Most are old stand-bys. These include Black Box, Bridges, Domino, Fifteen, Mastermind, Slitherlink, Mindsweeper, Nonogram, Peg solitaire, Sudoku, Same Game, Tents, and Planarity. Just because they are old stand-bys, doesn't mean they are not fun. I really like his version of Bridges. I have played it more than any of the others in the collection.

I want to highlight four of the programs which struck me in one way or another.

Rectangles



This is not really a new puzzle type, but I have never seen a computer version before. You have to partition up the grid into rectangles so that each contains one number, and this number must equal the size of the rectangle. The interface is simple, just click one corner and drag to the other corner to mark a rectangle.

Map



The famous four color theorem says that any map with connected regions can be colored with four colors so that no neighboring regions have the same color. This game generates a random map and you have to color it. While there is a theorem that you can four color any map, as you find out in this game, there is no easy algorithm to do it.

Inertia



You have to collect all of the gems without hitting a bomb. You can move your marker orthogonally or diagonal, but inertia keeps it going until it hits a wall, a circular stopping point, or sadly a bomb.
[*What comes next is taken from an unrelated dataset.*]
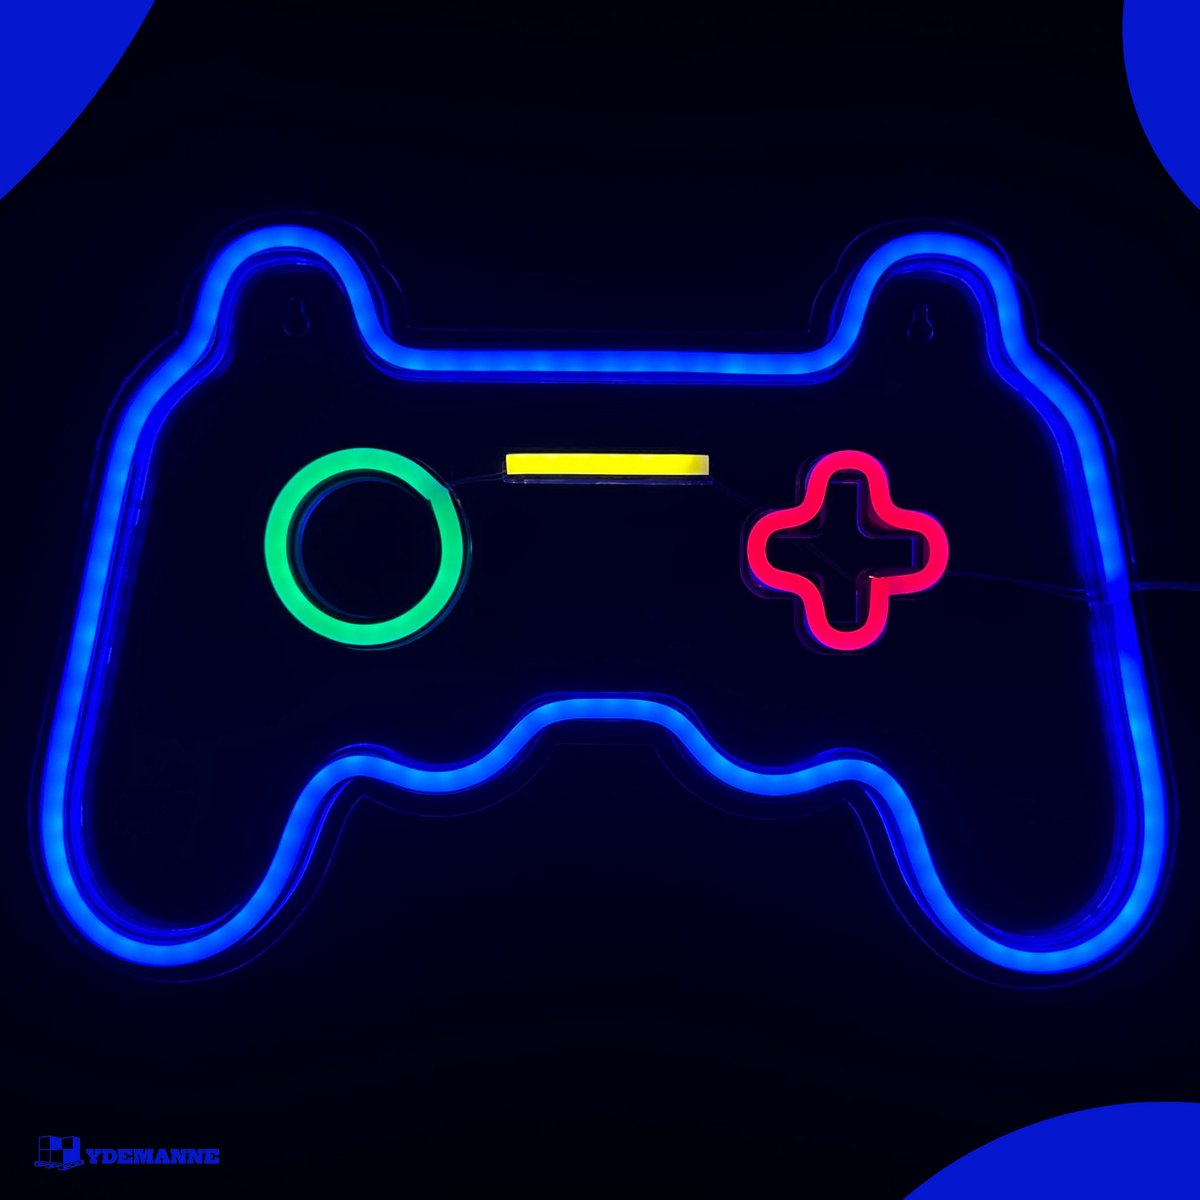 Neon Lamp - Game Controller Blauw Playstation - Incl. Ophanghaakjes - Neon Sign - Neon Verlichting - Neon Led Lamp - Wandlamp - Mancave

You have to very carefully plan ahead.

Cube



You roll the cube or other polyhedron to collect all of the blue tiles. Each face of the cube can absorb one blue tile. You have to figure out how to roll the cube so that each face collects one blue tile. These puzzles can be quite hard.

A similar set of little puzzle games is mindgames.

1 Comments:

At 5:09 PM, Anonymous Anonymous said...

I have been working on an new Windows Mobile port of this puzzle collection.

This port works on both the Pocket PC and Smartphone platforms.